Protocolo de intenções firmado nesta quarta-feira, 13, entre o governo do Estado e o Ministério das Comunicações, formalizou a adesão do Rio Grande do Sul ao Plano Nacional de Banda Larga liderado pelo ministro Paulo Bernardo. O objetivo é popularizar o acesso à Internet em banda larga e ampliar o serviço de telefonia fixa, por meio de tarifas mais acessíveis. O valor pretendido pelo Ministério é R$ 35 para a banda larga em velocidade de um megabit por segundo e R$ 13,5 à telefonia. Os dois governos também avaliam a possibilidade de redução do Imposto Sobre Circulação de Mercadorias e Prestação de Serviços (ICMS) no projeto da banda larga, como forma de incentivo ao acesso. O governador Tarso Genro e Paulo Bernardo assinaram o documento no Palácio Piratini. Estão previstos, também, investimentos de R$ 15 milhões a R$ 25 milhões para a implantação de 900 quilômetros de rede de fibra ótica no Estado.
Durante visita à Assembleia Legislativa, Paulo Bernardo abordou a migração das transmissões da TV Assembleia para o sistema digital em canal aberto. Acompanhado do secretário executivo do Ministério, Cezar Alvarez, e do titular da Secretaria de Telecomunicações, Nelson Fujimoto, Bernardo disse que o modelo de multiprogramação está sendo estudado para contemplar todos os canais educativos do país com sistema digital e transmissão aberta. Bernardo também afirmou que conversará com o presidente da Câmara dos Deputados, Marco Maia, para tratar da implantação da rede legislativa nacional de TV. Detentora da concessão do Canal 61 em Porto Alegre, a Câmara dos Deputados propôs acordo de cooperação técnica com o Parlamento gaúcho.

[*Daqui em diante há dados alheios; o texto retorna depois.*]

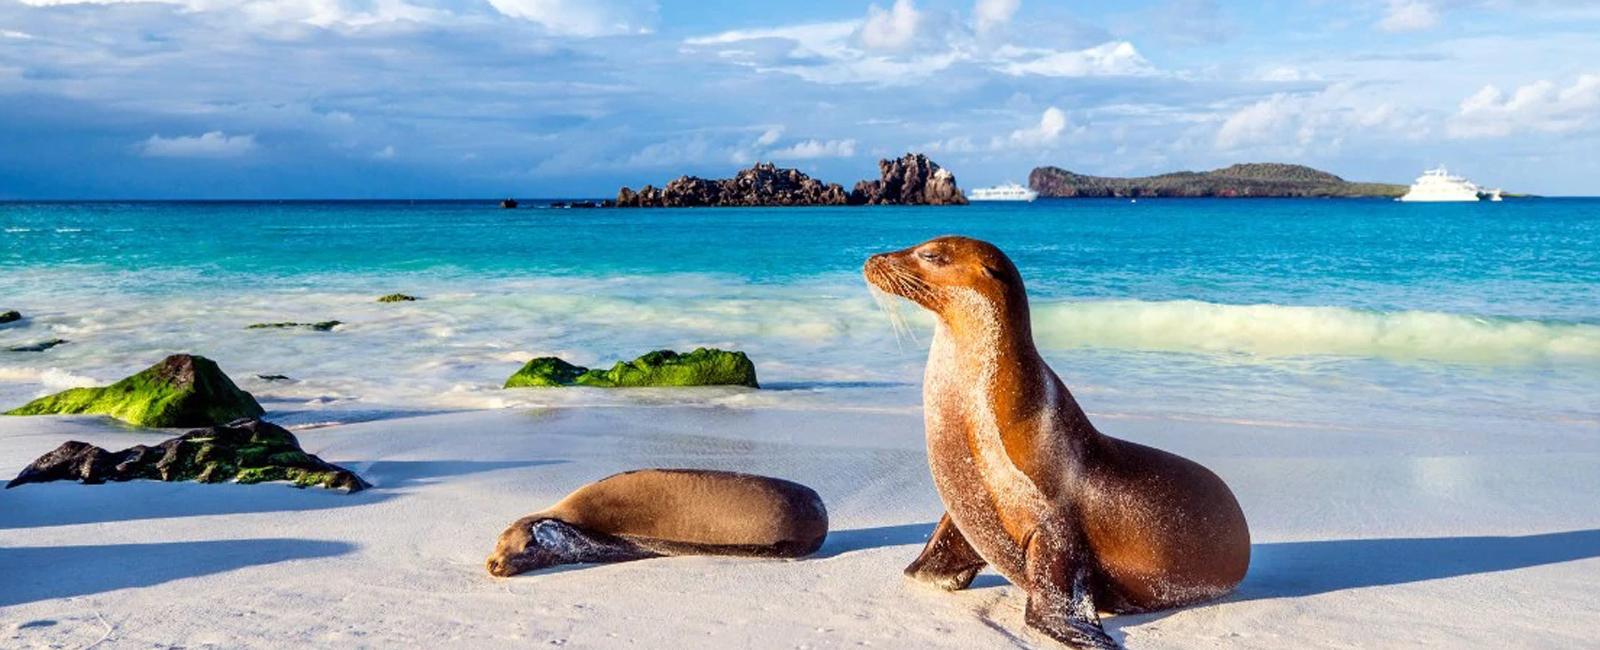 Costa Rica – Equador – Panamá com Ilhas Galápagos e Canal do Panamá.

Acompanhado de Tarso, Bernardo compareceu ainda à reunião-almoço ‘Tá na Mesa’, na Federasul. No evento, ele explicou que o principal objetivo do Plano Nacional de Banda Larga é garantir acesso barato e de boa qualidade à rede mundial de computadores. “Queremos mostrar às empresas de telecomunicação que massificar o serviço cobrando menos é ainda mais rentável do que cobrar caro a um número restrito de clientes”, disse. O programa também contempla a telefonia fixa urbana e rural. “Há uma deficiência na área rural que precisa ser revertida”, afirmou. A estimativa do Ministério com as reduções de preços é de um crescimento de até 70% no acesso às telecomunicações nos próximos quatro anos.